The idea is to first discretise the population under consideration (say the testing or validation set) into groups based on the model’s output (probability/log odds/scores). Typically, this is done in a way such that each group represents 10% of the total population (or deciles). Then, summary statistics are generated for each group and cumulative distributions of events and non-events are analysed and the model’s performance is quantified.
We’ll use dplyr
in this post. Doing it this way is nice since it’s easier to read and the code would need minimal changes if using sparklyr
(say within a big data environment where one might need to run this directly on a hadoop table).
Packages
Let’s get package installation out of the way first.
# Pacman is a package management tool
install.packages("pacman")
library(pacman)
# p_load automatically installs packages if needed
p_load(dplyr, magrittr, knitr, scales)
Sample dataset
Here’s some sample data to play around with. The data set is small sample of the Lending Club dataset available on Kaggle.
sample <- read.csv("credit_sample.csv")
dim(sample)
## [1] 10000 153
class(sample)
## [1] "data.frame"
Defining a target
First, we need to create a target (outcome) to model for. Since this is a credit risk use case, we are looking to create a target which identifies borrowers who defaulted on (or missed) their payments consecutively.
unique(sample$loan_status)
## [1] "Fully Paid"
## [2] "Current"
## [3] "Charged Off"
## [4] "Late (31-120 days)"
## [5] "Late (16-30 days)"
## [6] "In Grace Period"
## [7] "Does not meet the credit policy. Status:Fully Paid"
## [8] "Does not meet the credit policy. Status:Charged Off"
# For simplicity we'll just use
# 1. "Charged Off"
# 2. "Does not meet the credit policy. Status:Charged Off"
codes <- c("Charged Off", "Does not meet the credit policy. Status:Charged Off")
# For details on the %<>% operator please look at the
# documentation for the magrittr package.
sample %<>% mutate(bad_flag = ifelse(loan_status %in% codes, 1, 0))
Let’s also check for overall event rates.
sample %>%
summarise(events = sum(bad_flag == 1),
non_events = sum(bad_flag == 0)) %>%
mutate(event_rate = events/(events + non_events))
## events non_events event_rate
## 1 1162 8838 0.1162
Building a model
Next lets build a quick and dirty model, the output of which we will use to build the gains table.

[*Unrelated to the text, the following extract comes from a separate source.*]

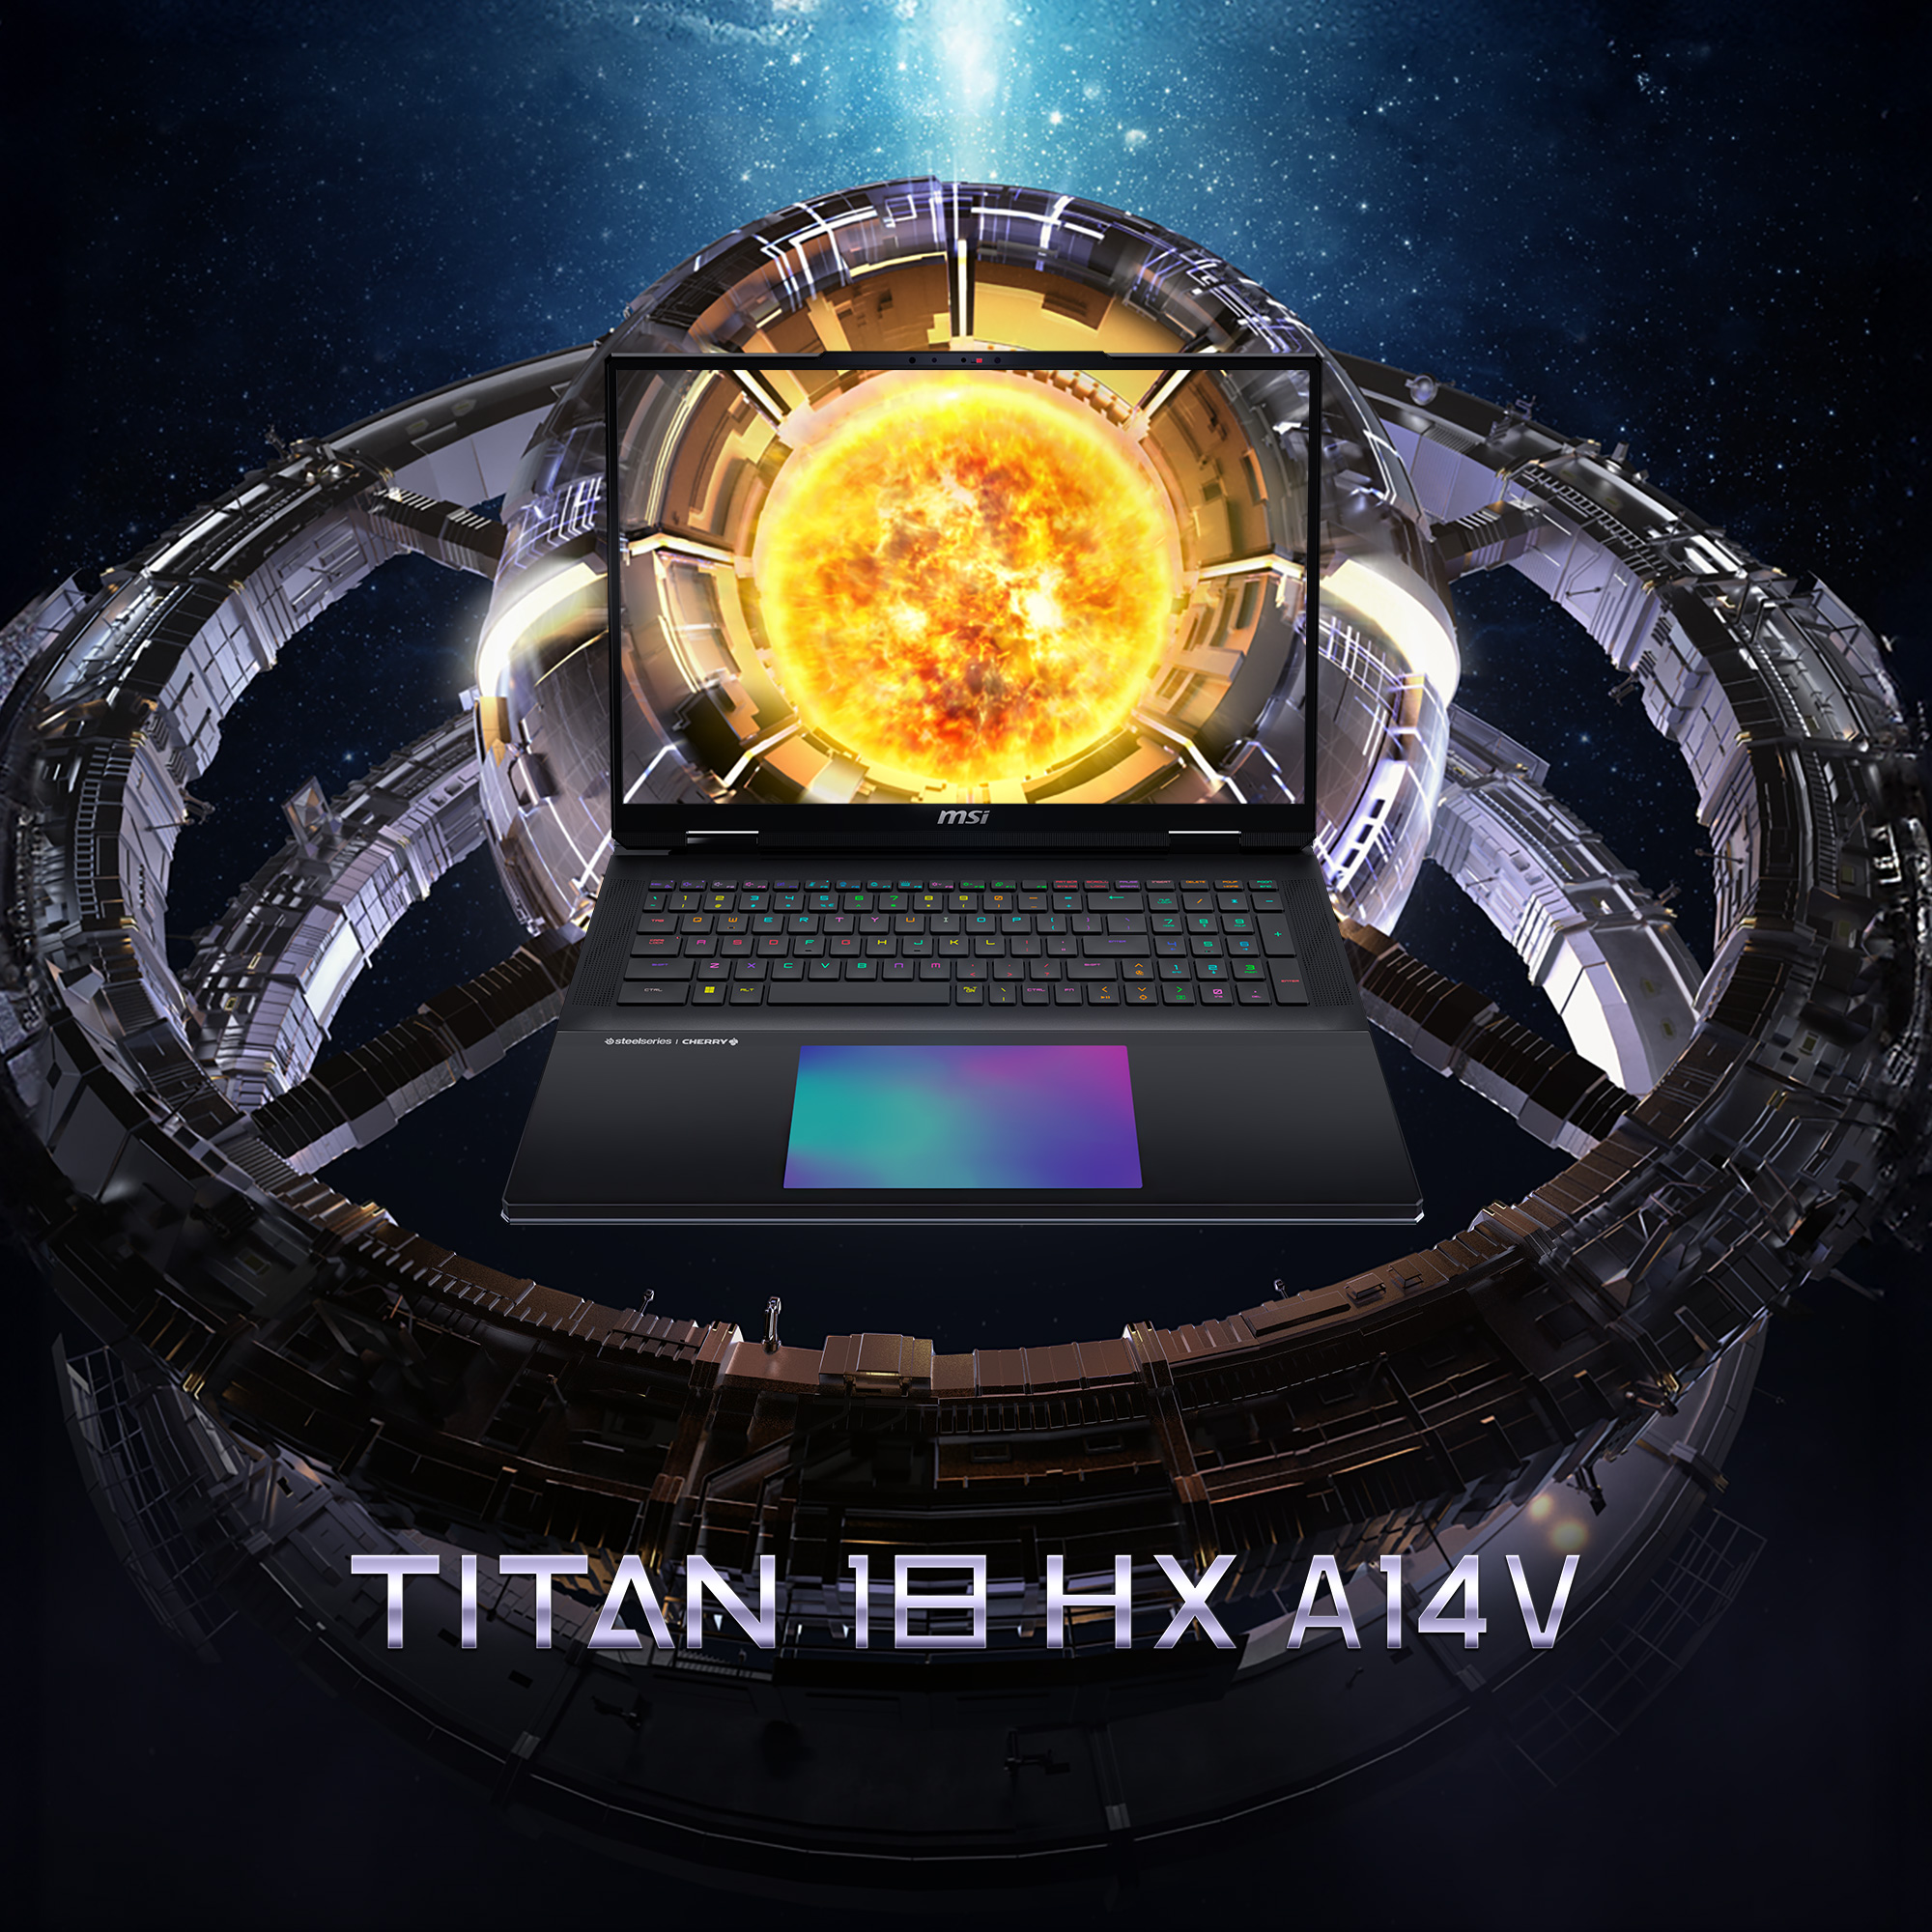 MSI Titan 18 HX A14VHG-070 - ABSOLUTE LEISTUNG

# Check out available features (not shown here for brevity)
colnames(sample)
We’ll need to do some data cleaning first.
# Replace all NA values with a default value
sample[is.na(sample)] <- -1
sample %<>%
# Remove cases where home ownership and payment plan are not reported
filter(! home_ownership %in% c("", "NONE"),
pymnt_plan != "") %>%
# Convert these two variables into factors
mutate(home_ownership = factor(home_ownership),
pymnt_plan = factor(pymnt_plan))
# Train Test split
idx <- sample(1:nrow(sample), size = 0.7 * nrow(sample), replace = F)
train <- sample[idx,]
test <- sample[-idx,]
dim(train)
## [1] 6999 153
dim(test)
## [1] 3000 153
# Using a GLM model for simplicity
mdl <- glm(
formula = bad_flag ~
loan_amnt + term + mths_since_last_delinq + total_pymnt +
home_ownership + acc_now_delinq +
inq_last_6mths + delinq_amnt +
mths_since_last_record + mths_since_recent_revol_delinq +
mths_since_last_major_derog + mths_since_recent_inq +
mths_since_recent_bc + num_accts_ever_120_pd,
family = "binomial",
data = train
)
While we are at it, let’s also attach the model predictions to the test dataset.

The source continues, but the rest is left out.